───── Information provided

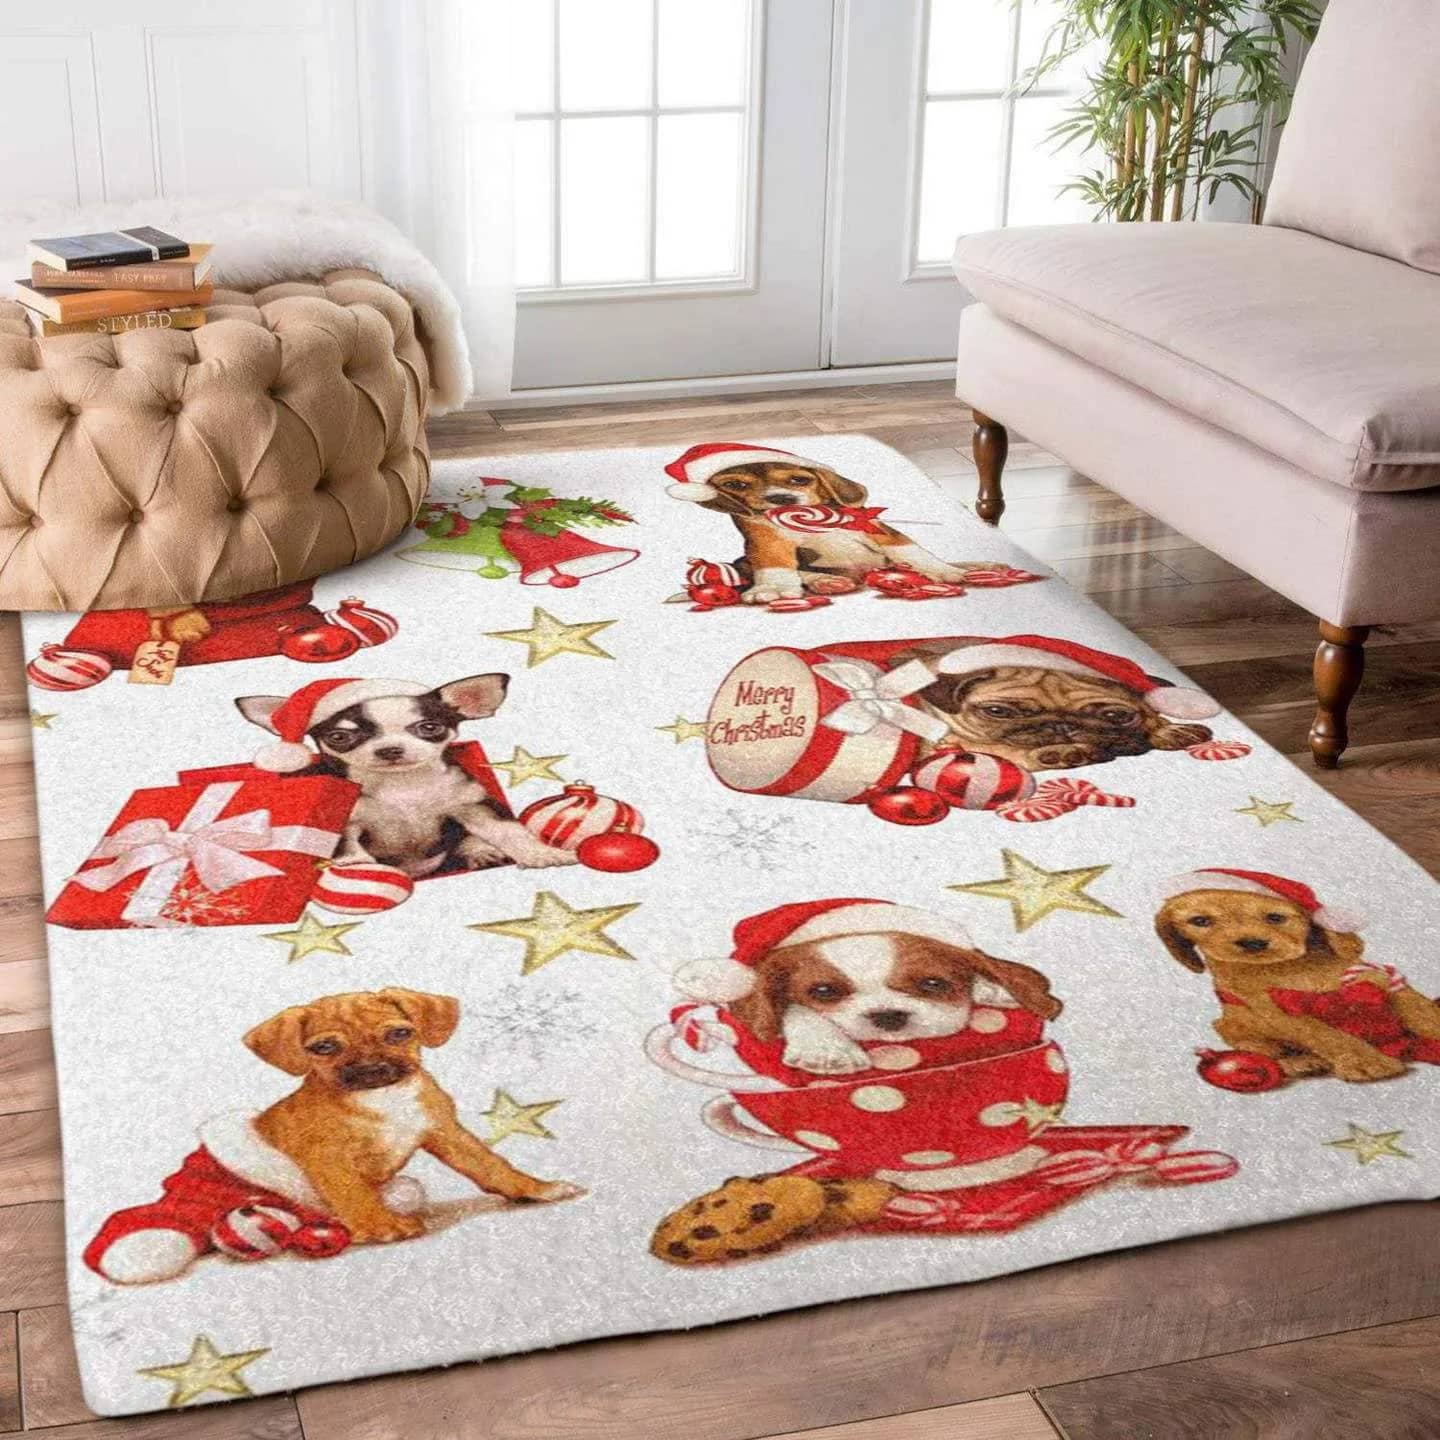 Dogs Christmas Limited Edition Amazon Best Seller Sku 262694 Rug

──────────
───── Information provided

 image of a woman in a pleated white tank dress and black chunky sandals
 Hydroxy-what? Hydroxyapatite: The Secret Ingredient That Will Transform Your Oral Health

──────────
───── Information provided

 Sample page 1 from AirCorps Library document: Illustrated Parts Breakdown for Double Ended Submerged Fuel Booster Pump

──────────

The problem.
In the entries above, the lines between the one holding "image of a woman" and the one holding "Hydroxy-what? Hydroxyapatite: The", inclusive, are to be printed exactly as written, and those alone.

Answer section.
 image of a woman in a pleated white tank dress and black chunky sandals
 Hydroxy-what? Hydroxyapatite: The Secret Ingredient That Will Transform Your Oral Health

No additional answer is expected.